The initial fleet consisted of 21-seat Li-2 passenger aircraft (the Soviet-licensed DC-3) and 3-seat Po-2 "taxis", used for precision air mail: sacks of mail were dropped from the aircraft when flying over its destination. In 1950, Malév's operating base moved from Budaörs to the newly opened airport at Ferihegy, where it remained.

On 25 November 1954, Hungary acquired all the Soviet shares of MASZOVLET, and renamed the company MALÉV. Ilyushin Il-14 twin piston-engined transport aircraft were acquired in the late 1950s. Operations were expanded, with flights extending to nearby countries and, following the 1965 acquisition of Ilyushin Il-18 turbine propeller airliners, and the subsequent 1968 purchase of jet-powered Tupolev Tu-134s from the Soviet Union, across Europe and the Middle East. In the summer of 1974, the Tupolev-154 was brought into scheduled service.

Even before the political changes of 1989 and the arrival of democracy, Malév had begun phasing out its Soviet-era planes with the introduction of the airline's first Western-designed aircraft, a Boeing 737-200 on 18 November 1988. With that, Malév was the second airline in the then-communist COMECON countries of Central Europe to operate a Western-built aircraft. (TAROM – Romanian Airlines started operating the BAC 1-11 in 1968 and the Boeing 707 in 1974. LOT – Polish Airlines was the third with its Boeing 767-300 aircraft launched in April 1989).

The company's logo, which turned out to be its last, was designed by graphic designer László Zsótér (DLA) in 1986 and consecutively adopted during the following years.

In 1989–1991, Malév played a key role in facilitating the emigration of Soviet Jews by operating charter flights from Moscow to Tel Aviv via Budapest.

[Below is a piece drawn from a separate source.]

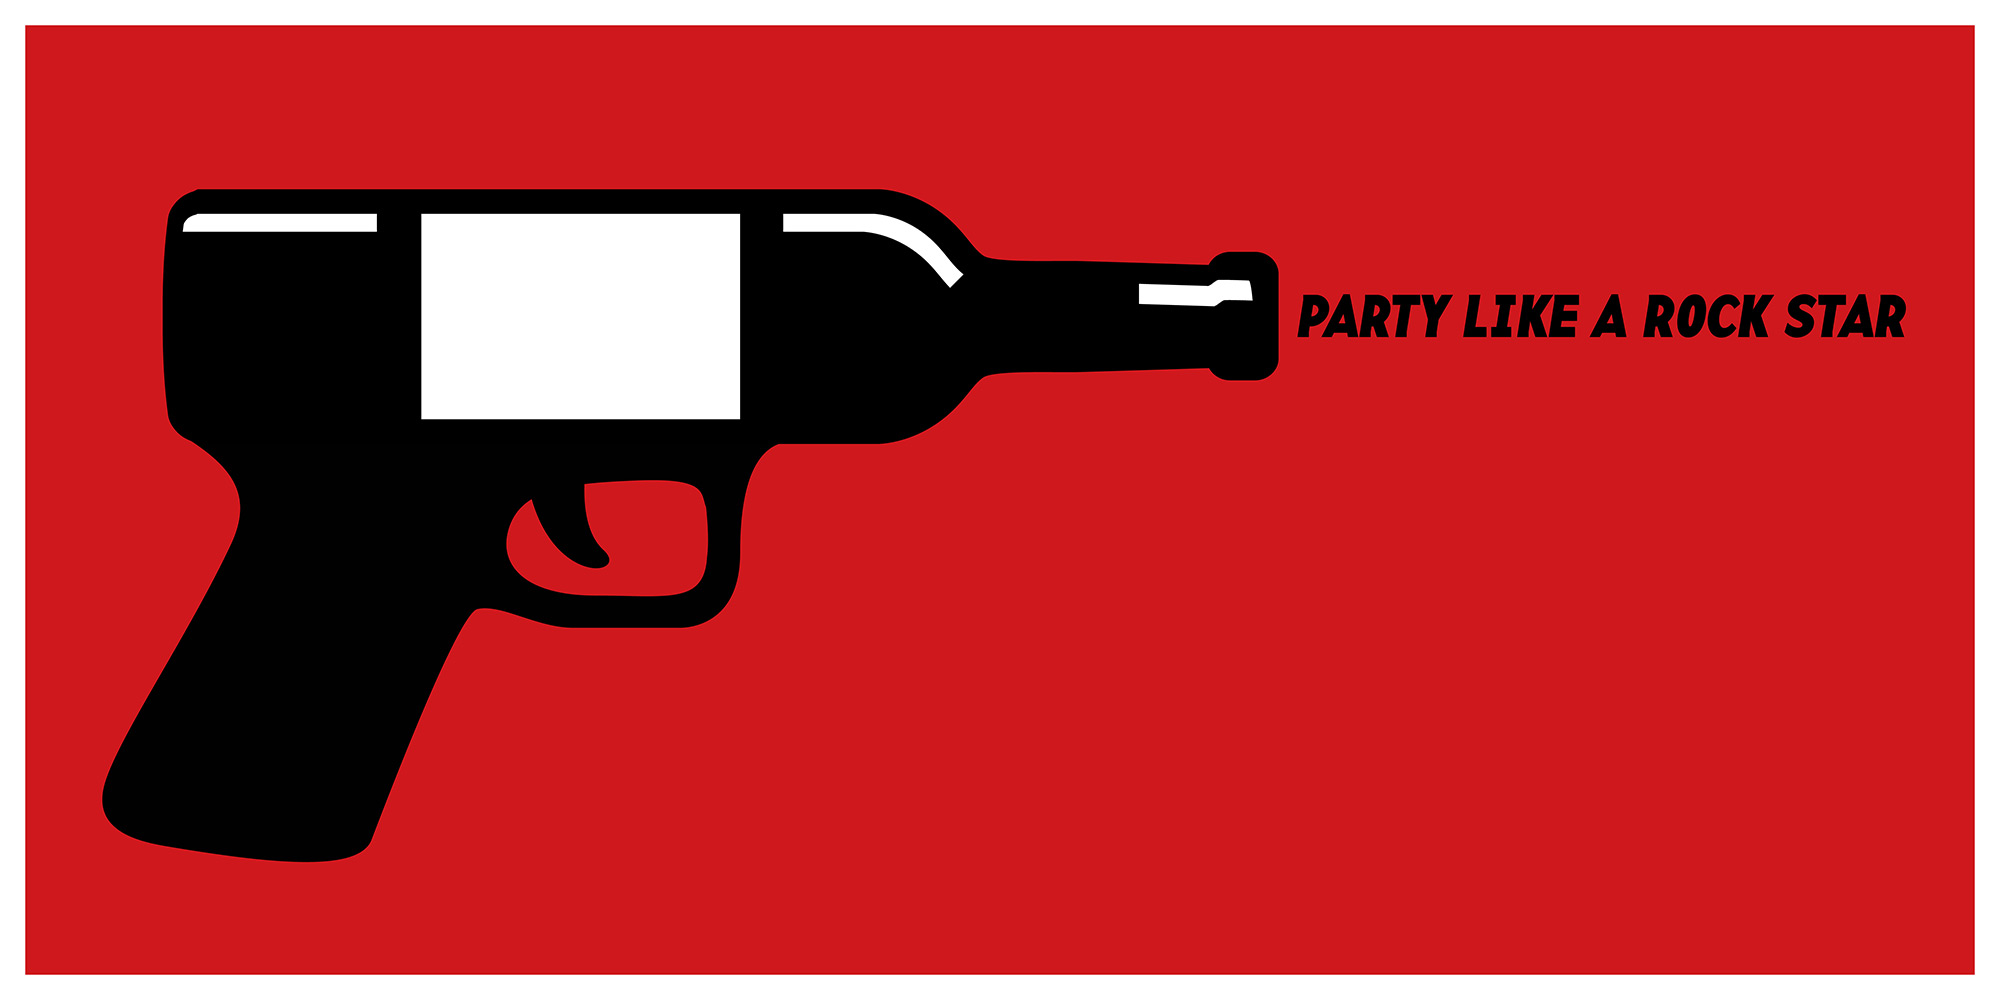 Jeff Kern design for "Party Like a Rockstar"
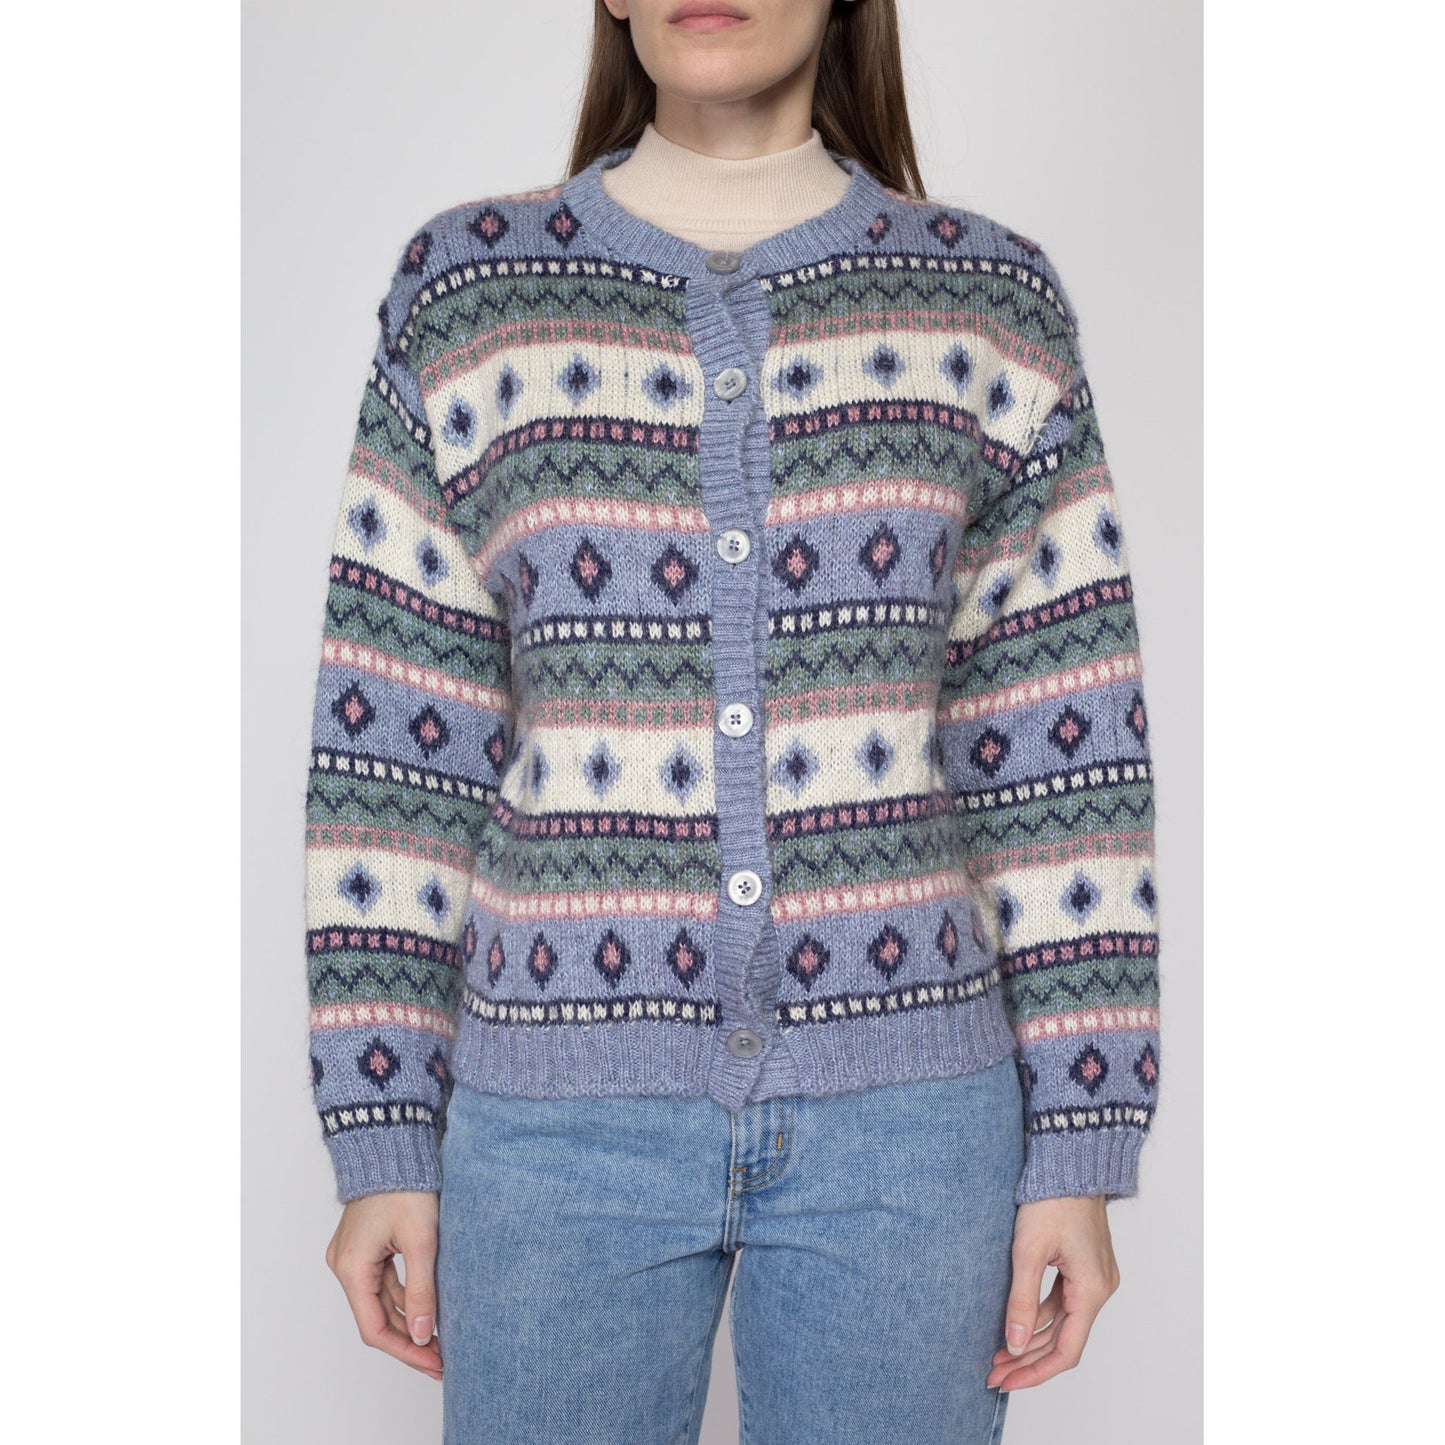 Medium 90s LL Bean Pastel Fair Isle Cardigan | Vintage Mohair Blend Button Up Striped Knit Sweater

This operation, arranged in cooperation with the Jewish Agency, enabled over 160,000 Soviet Jewish refugees to reach Israel through Hungary during a period when direct flights from the USSR to Israel were not yet permitted.

===1990s–2007: Modernisation===
The last Soviet-built Tupolev Tu-154 aircraft was withdrawn from service in 2001. In 2003, MALÉV began replacing its Boeing 737 Classic aircraft with 737 Next-Generation planes. It then ran a fleet of 18 Boeing 737 Next Generations, as well as 4 Bombardier Dash 8 Q-400s for short-haul routes.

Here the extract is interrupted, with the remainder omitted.